Now we give Nutri-Grade Ratings to Everything:

Nutri-Grade labels are expanding, but why stop at food? Let’s rate everything, from TikTok trends to parenting.

The Ministry of Health’s (MOH) ongoing campaign against sugar is ramping up, and now they’re tackling salt. Packaged salt, sauces, seasonings, instant noodles, and cooking oils will soon bear their own Nutri-Grade labels, marking a shift in how we evaluate food products. No longer will sweetened drinks be the only items marked with these dubious ratings. But if we’re going to grade food, why stop there? Let’s give everything a rating!

Nutri-Grade (Yes, We’re Grading Nutri-Grade)
Nutri-Grade: C
You’re telling me Coke Zero gets a Nutri-Grade B while full-fat milk is rated C? Seriously, make it make sense.

That Viral TikTok Cucumber Salad
Nutri-Grade: A
This salad has soy sauce and MSG (MOH, avert your eyes), but by god, it’s delicious. Eating your veggies should get you an ‘A,’ even if it takes a sprinkle of sodium.

Joining a Run Club
Nutri-Grade: B
What does running have to do with Nutri-Grade? Well, everything gets a grade now, so stick with me. I started running as a late-life crisis coping mechanism, and now it’s a regular part of my routine. It’s good for both physical and mental health—just be careful not to wreck your knees.

Looking for Love on Dating Apps
Nutri-Grade: D
Please, people, get more creative than “looking for someone to delete this app with” or “long romantic walks to the fridge.” Slim pickings on these apps may lead to pessimism, possibly even inspiring you to join a run club as a distraction. Use at your own risk.

Having Kids
Nutri-Grade: C
It’s rewarding, sure. But kids might cause an increase in stress and blood pressure. Best enjoyed in limited doses.

Financial Aid for Retrenched Workers
Nutri-Grade: A
The government’s effort to provide up to $6,000 for retrenched workers is very thoughtful. Helping jobseekers and those upskilling is vital. It took a while, but it’s better late than never.
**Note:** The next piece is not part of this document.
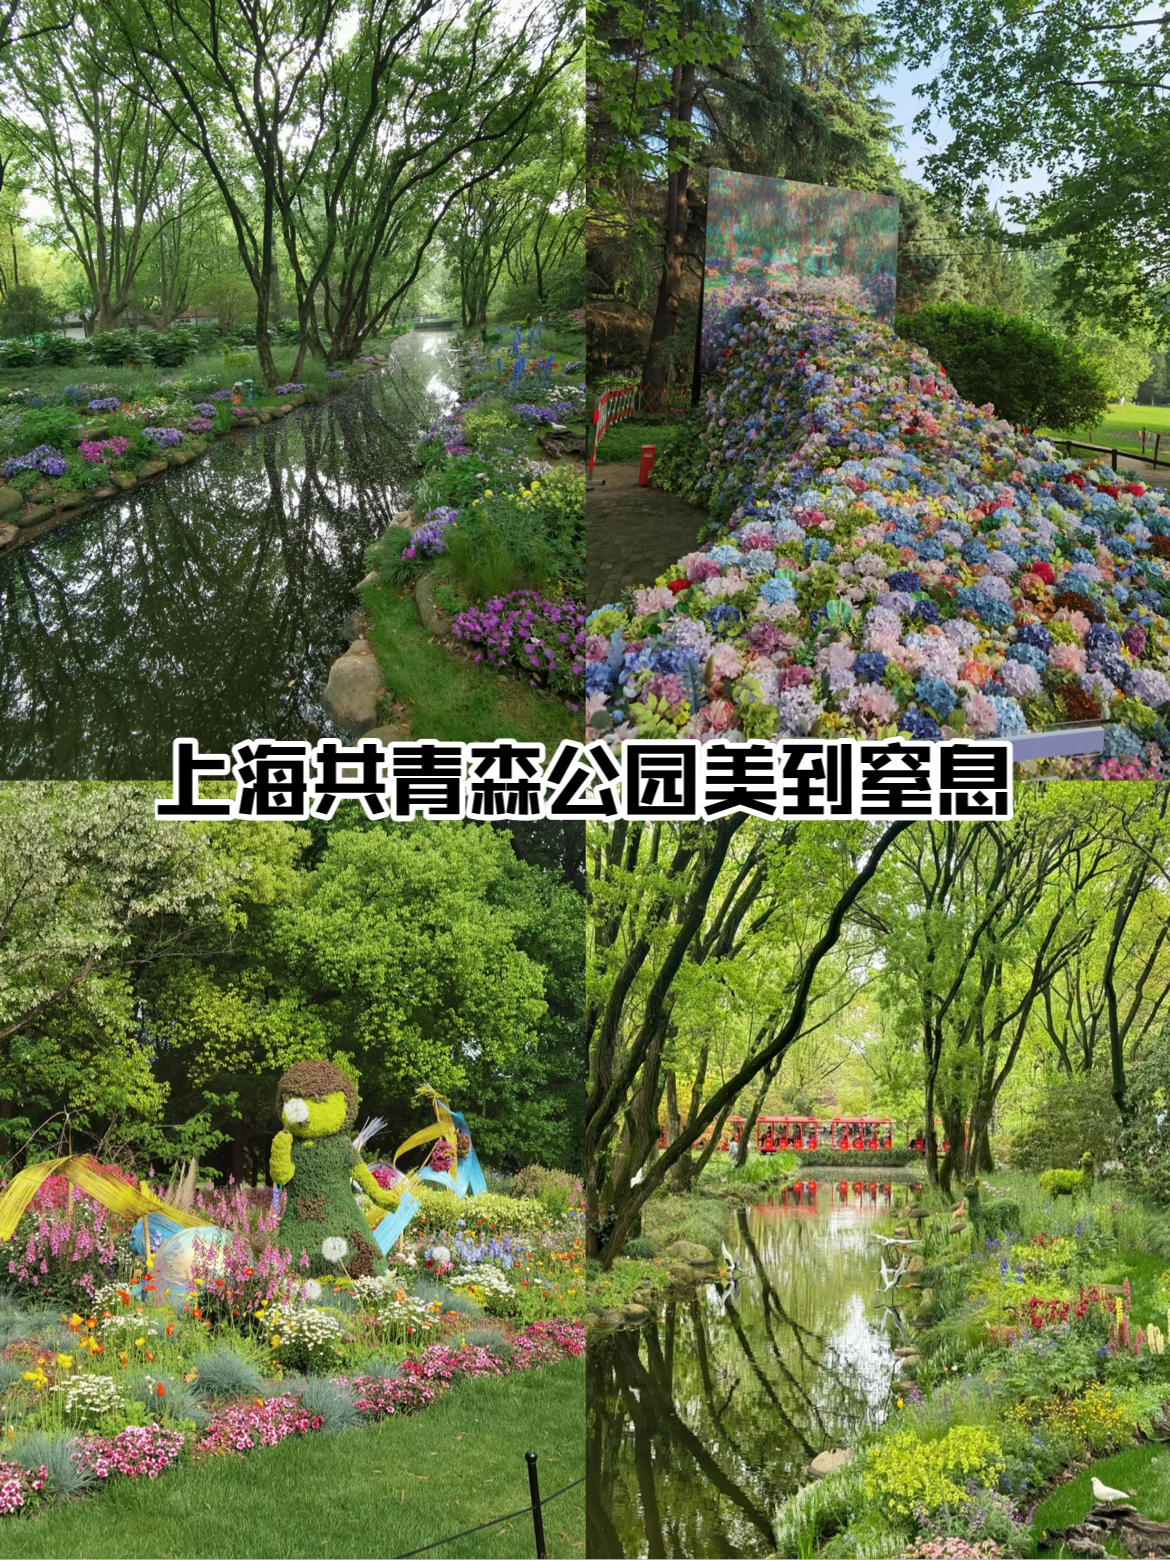 上海已经共青森林公园美到窒息!  共青森林公园今年的花展  真的太美啦  百花齐放  红色的小火车鸣

The New Brandy Melville Store
Nutri-Grade: F
No matter how trendy your TikTok FYP makes it seem, splurging on one-size-fits-all fast fashion isn’t healthy for your wallet. I’m not trying to yuck anyone’s yum, but maybe rethink giving your money to a company that’s been accused of racism, fatphobia, and mistreatment of its workers?
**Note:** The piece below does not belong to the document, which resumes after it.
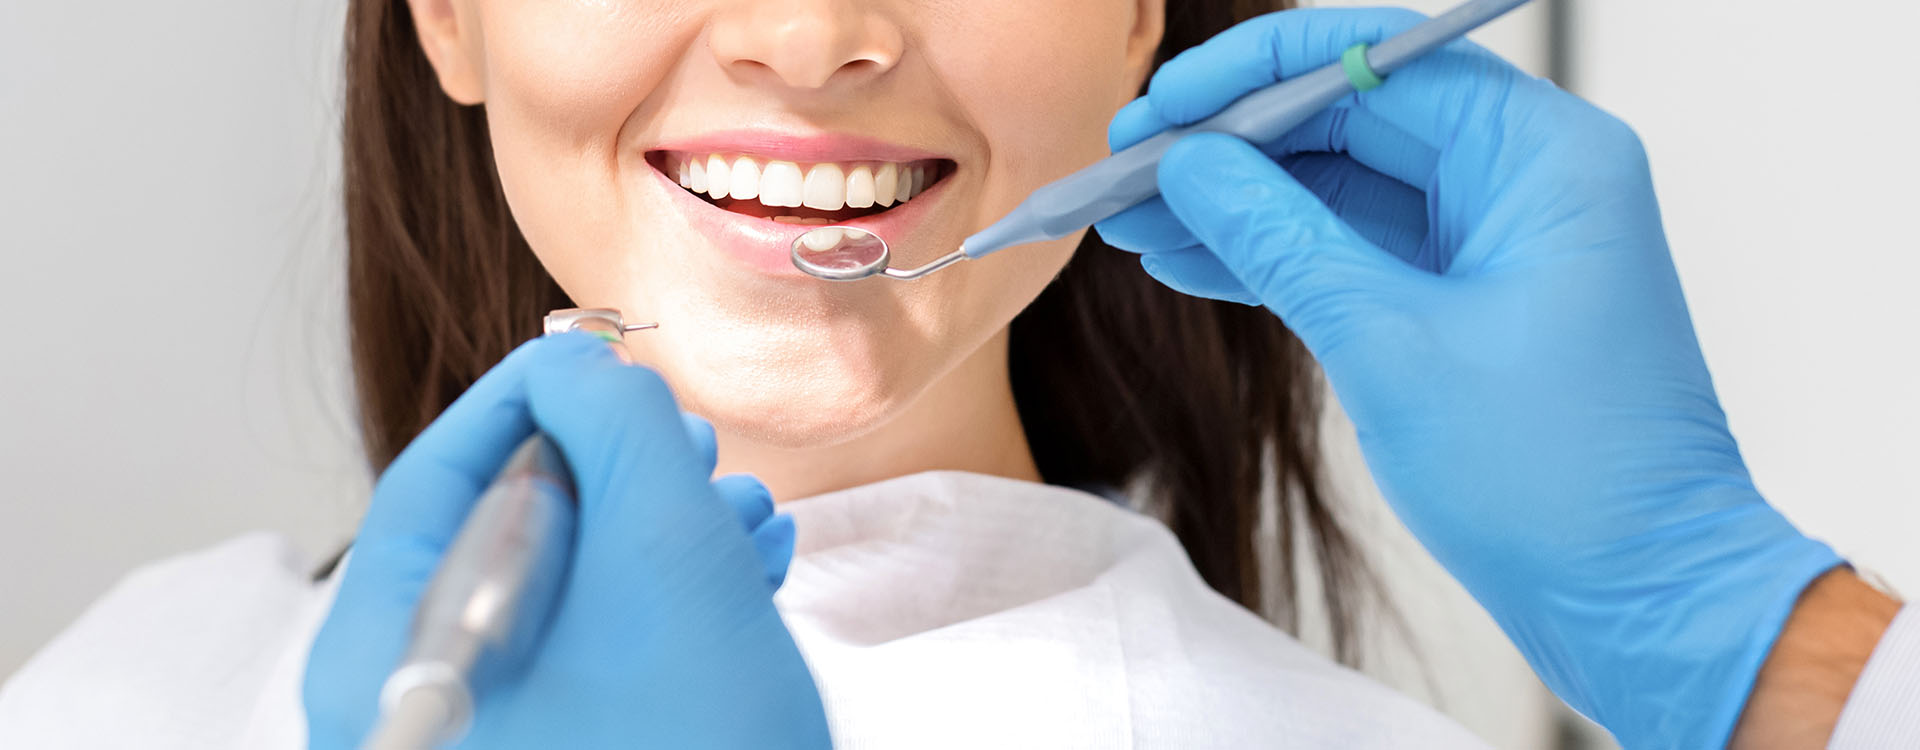 Clínica Dental Andrea Compte, tu Centro Odontológico especializado. Odontología en Alcossebre. Mujer realizándose un tratamiento en una clínica dental.

Real Estate and Property Agents
Nutri-Grade: B-
They get a bad rep, but some agents genuinely try to do right by their clients. The collective hate is probably more about the sky-high property prices. When buying a house is already expensive, adding a commission fee feels like cutting off a pound of flesh.

Skibidi Toilet
Nutri-Grade: Skibi-D
How do you quantify social media brainrot and assign it a letter grade? I don’t know. I’m too busy being a sigma and looksmaxxing. Do I have rizz yet? Or do I have negative aura?
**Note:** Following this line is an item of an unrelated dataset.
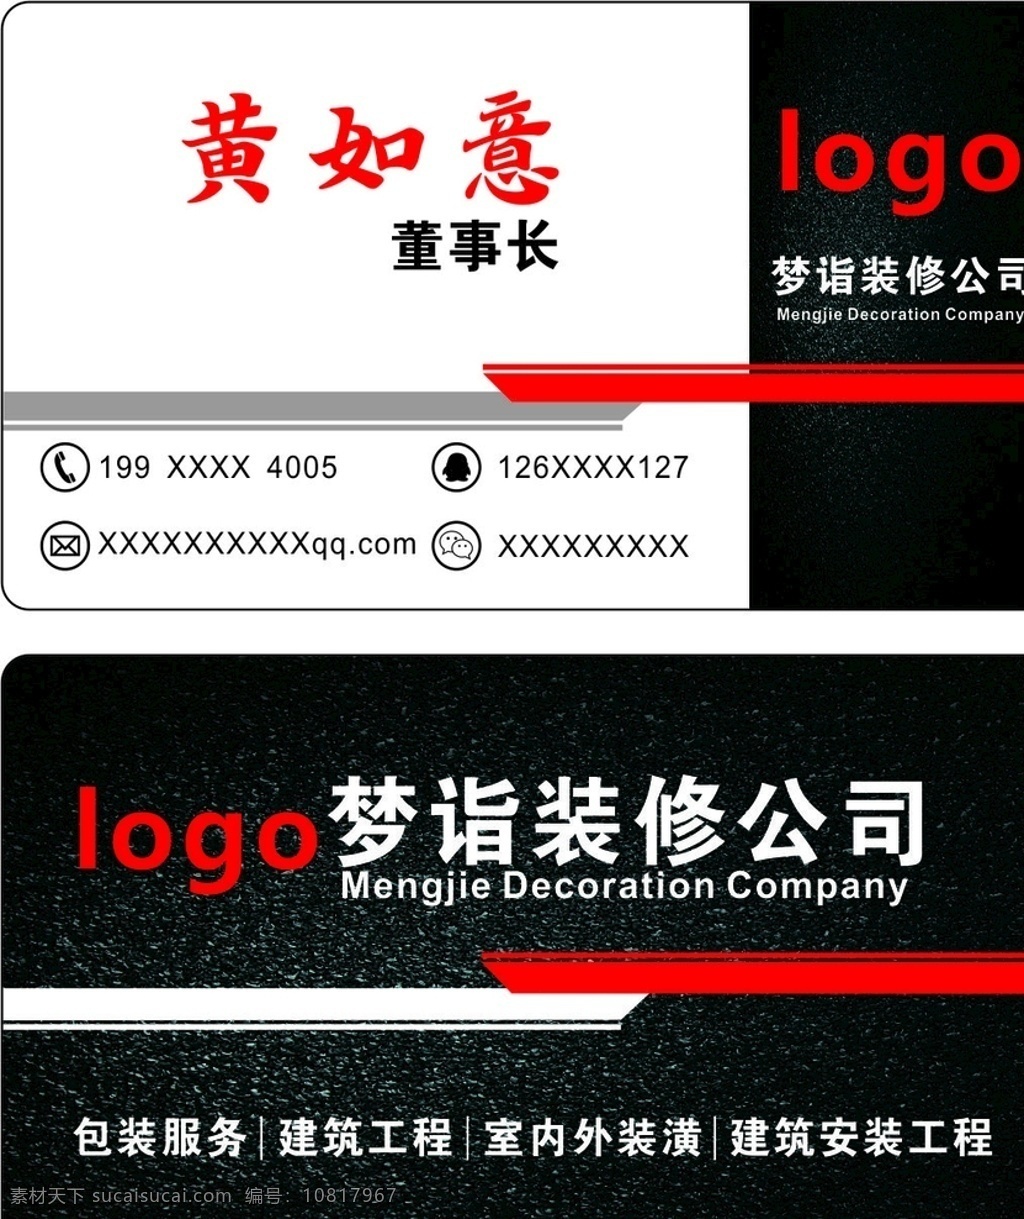 装修公司名片 名片 图标 形状 装修公司 logo

Mustafa Centre (the 24-Hour Version)
Nutri-Grade: A+
Mustafa is an institution where you can find anything and everything for an affordable price, and it’s this millennial’s Disneyland. For the first time since the pandemic hit, the beloved department store is returning to 24-hour operations. This is it: the truest indication that the pandemic is well and truly over.

Rice (the Food)
Nutri-Grade: A
Yes, yes, there are other grains that are better for you. But without rice, there is no Hainanese chicken rice, nasi padang, nasi lemak, nasi goreng, or cai fan. This cornerstone of Asian food deserves nothing less than an ‘A’ grade.

Rice (the Publication)
Nutri-Grade: A(?
Not to toot our own horn—but we try our best to feed your mind. In a world of fast-food content, consuming some homecooked rice might be the healthier choice.